The one we had stopped at seemed to have been overlooked by the march of Civilisation, like the home of some undiscovered South American tribe. The orange carpet had the texture of a saucepan-scourer, the walls were panelled with vanishingly-thin strips of wood veneer, and the furniture looked like a 1970s low-budget film-maker’s idea of the seating on a passenger space vehicle. The food had been abused so much that it was barely food any longer, more an outdated ideal of food from the days when British situation comedies had found Afro-Caribbean accents amusing.

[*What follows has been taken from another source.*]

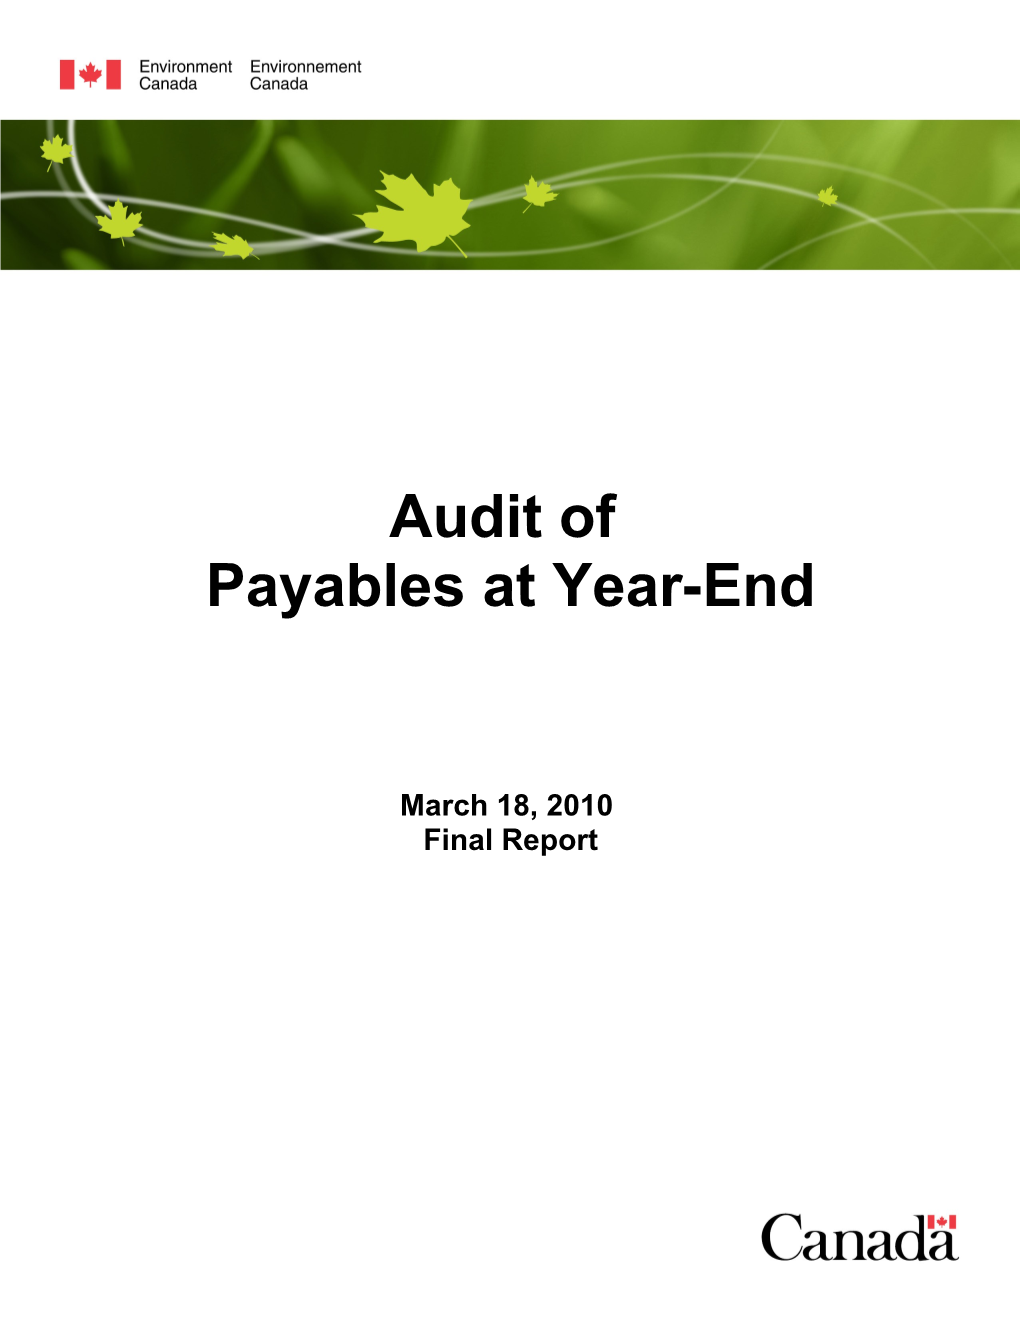 PAYE - Final Report

I was actually appalled that I had stopped here, but I needed large amounts of caffeine and sugar and I needed to be off the road while the storm was going on, two things this restaurant actually did very well. Rowland, on the other hand, had decided that he wanted lunch too. And then he had discovered that he had left home without his wallet.

I said, “I needed a break, Rowland.”

He didn’t bother to raise his head, but he did shrug.

“You can’t just turn up on someone’s doorstep at nine o’clock in the morning without any warning and expect them to be all bright-eyed and bushy-tailed and waiting to drive you to the West Country,” I said.

Rowland looked at me from under his great badgery eyebrows. “You were lucky to get a degree at all, you know,” he said in a low voice.

“Oh, Rowland,” I groaned.

“The Faculty thought — quite accurately, I might add — that your coursework was of poor quality,” he went on, and as if gaining strength from his words he managed to spear a fry and pop it into his mouth. “I, of course, thought differently.” He chewed the fry and swallowed.

“Rowland,” I said. “Not now.”

“I went into Cunningham’s office and stood up for you, Jim,” he told me, and he magically managed to lift his head and sit up. “I told him I thought you had some worth.”

I drank some coffee.

By now his anger had enabled him to cut a small portion off his fried plaice. He swiped it through the ketchup and the tartare sauce. “I forced Cunningham to see that you had some promise.” He actually twinkled at me as he ate the piece of fish. “I got you that degree, Jim.”

I drank more coffee.

“And what did you do with that degree, Jim? Hm?” I watched his fork range around the oval platter his meal rested on, picking up fish, fries, a bit of lettuce, some cress. He put them all in his mouth, chewed, swallowed. “What exactly did you do with that degree I put my career on the line for? Hm?”

“You didn’t put your career on the line for me, you mad old tosser,” I said. It was such a ludicrous concept that I almost laughed out loud. “You never put anybody else before yourself in your life.”

By now, he was industriously clearing his platter. “Whatever else you’ve managed to piss away up a wall in the meantime, I got you that degree,” he told me with enormous confidence. “You owe me, Jim.”